Wright State University
Department of Computer Science and Engineering
CS 480/680 Comparative Languages

     Fall 2009                                Assignment  2                                   Prasad



Compiling and Evaluating Simple Expressions  (20 pts)   (Due:  November 9)

          
        An EBNF (Extended Backus-Naur Form) grammar for arithmetic expressions containing variables ( a, i) and  binary operators (+, *)  is given below.

     <expr>   ->  <term>   { + <term> }

    <term>   -> <factor>  { * <factor> }

    <factor> ->  <var>  |  ( <expr> )

    <var>  ->  a | i   
 

{<expr>, <term>, <factor>, <var>} are the non-terminals. {a,i,+,*,(,)} are the terminals. <expr> is the start symbol. The meta-symbol "->" separates the lhs and the rhs of a production rule, the meta-symbol "|" represents alternatives on the rhs, and the paired curly braces "{...}" stands for Kleene-star operator (that is, 0 or more iterations of the enclosed regular expression).

        Some example arithmetic expressions derivable in the grammar are "i",  "( a + a ) * i",  " (i * a) + (a)",  etc. Some illegal expressions are "(b)", "6",  etc. (Note that the double quotes are not part of the expression.)


        Now consider the following template for a collection of C# programs. 

class Test {
    static double f(double a, int i) {

       return  <expr>;
    }
    public static void Main(string[] args) {

       System.Console.WriteLine( f(2.0,1));
    }
}

      To obtain a valid C# program (that is, valid function body), replace  <expr> with an expression derived from the above grammar.   


      A C# compiler (csc) takes the source code and generates MSIL code, which resembles assembly language instruction for a stack machine.

    The translation of  the return-expression  "(i + a * i)" into MSIL code is:

        ldarg.1
        conv.r8
       
ldarg.0
        ldarg.1
        conv.r8

        mul
       
add

The translation of  the return-expression  "(i + i)" into MSIL code is:

        ldarg.1
       
ldarg.1
       
add
        conv.r8

        The formal arguments a and i are encoded as variables in locations 0 and 1. ldarg.0 (ldarg.1) stands for pushing the value of the variable  i (a) on top of the stack ; add (mul) stand for popping the top two appropriate values from the stack, adding (multiplying) them, and pushing the result on top of the stack; and  conv.r8 stands for coercing an integer value to a double value.

On the right is an applet that performs the required translation of the expression into MSIL code, for your reference. (If you have difficulty viewing Java applet in Internet Explorer, try Firefox.) To generate more examples of such translation on a PC, instantiate the above template by replacing <expr> with a legal arithmetic expression in "Test.cs", compile it using "%csc Test.cs",  and reverse engineer the class file using 
"
%ildasm Test.exe", focussing on "Method static double f(double, int)". 
 


PART I: Write a Java program Exprc.java that (1) reads in an expression from a file called expr.dat, (2) determines its equivalent MSIL code (when legal), and (3) outputs  this compiled form in the output file called <msil.code> in one instruction per line format.  Note that, you are expected to detect errors in expression, if any. 

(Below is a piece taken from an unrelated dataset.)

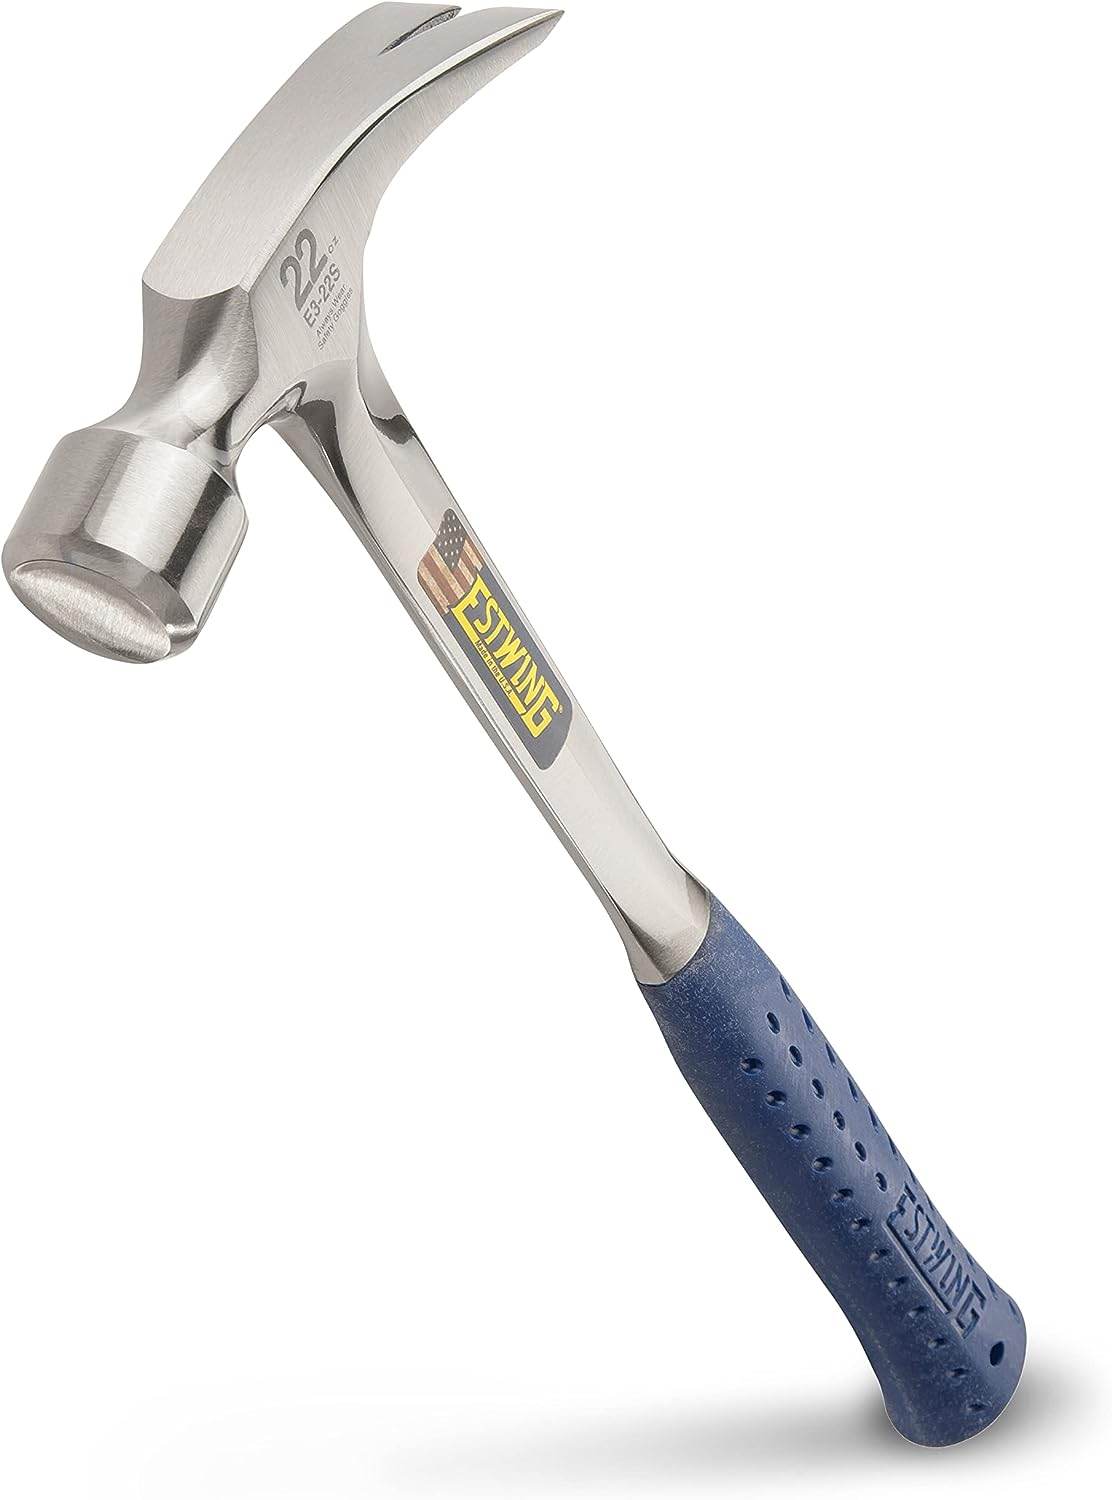 Estwing Hammertooth Hammer - 22 oz Straight Rip Claw with Smooth Face &  Shock Reduction Grip - E6-22T, Blue

asg2.ppt illustrates basics of code generation and ExprcEg.java gives an incomplete program that you need to understand and then modify to get a working solution. It already provides code illustrating file I/O, scanning, and abstract syntax tree construction. (Specifically, it uses java.io.StreamTokenizer for scanning. Feel free to change it, if necessary) 

Determine the associativity of "+" and "*" from the code generated by the "compiler" applet, and document it in your code.

Even though the file name expr.dat has been fixed for uniformity, for generality, make the file name optional command line argument defaulting to expr.dat when the input file name is not explicitly provided on the command line. 


PART II: Write a Java program Exprv.java that simulates a stack machine in order to evaluate the MSIL code file output in Part I. For simplicity, you may explicitly define a stack of doubles for this purpose. The program should be capable of taking the initial values for the variables (that is,  a and i) as command line arguments, and output the value returned by the corresponding function call. For example, if the file "msil.code" contains the following code

        ldarg.1
        conv.r8
       
ldarg.0
        ldarg.1
        conv.r8

        mul
       
add

then the result of executing the command   

   %java Exprv msil.code 2.0  1

should be 3.0.


CS680 Students Only: Repeat Part I and Part II in either C++ or C# naming the files turned-in Exprc.cpp and Exprv.cpp or Exprc.cs and Exprv.cs respectively.


What to hand in?    
     
        Submit your solution files
Exprc.java and  Exprv.java  by running the following turn-in command on unixapps1.wright.edu

%/common/public/tkprasad/cs480/turnin-pa2  Exprc.java Exprv.java
README.txt

CS680 students can modify the command as follows:

%/common/public/tkprasad/cs480/turnin-pa2  Exprc.java Exprv.java Exprc.cpp Exprv.cpp README.txt

or

%/common/public/tkprasad/cs480/turnin-pa2  Exprc.java Exprv.java Exprc.cs Exprv.cs README.txt

        Prior to submission, make sure that your code compiles and runs on
unixapps1 using the following commands if coding in Java 5:

%javac5  Exprc.java 

%java5   Exprc   expr.dat   

%javac5  Exprv.java

%java5   Exprv   msil.code   2.0   1


T. K. Prasad ( 08/26/2009 )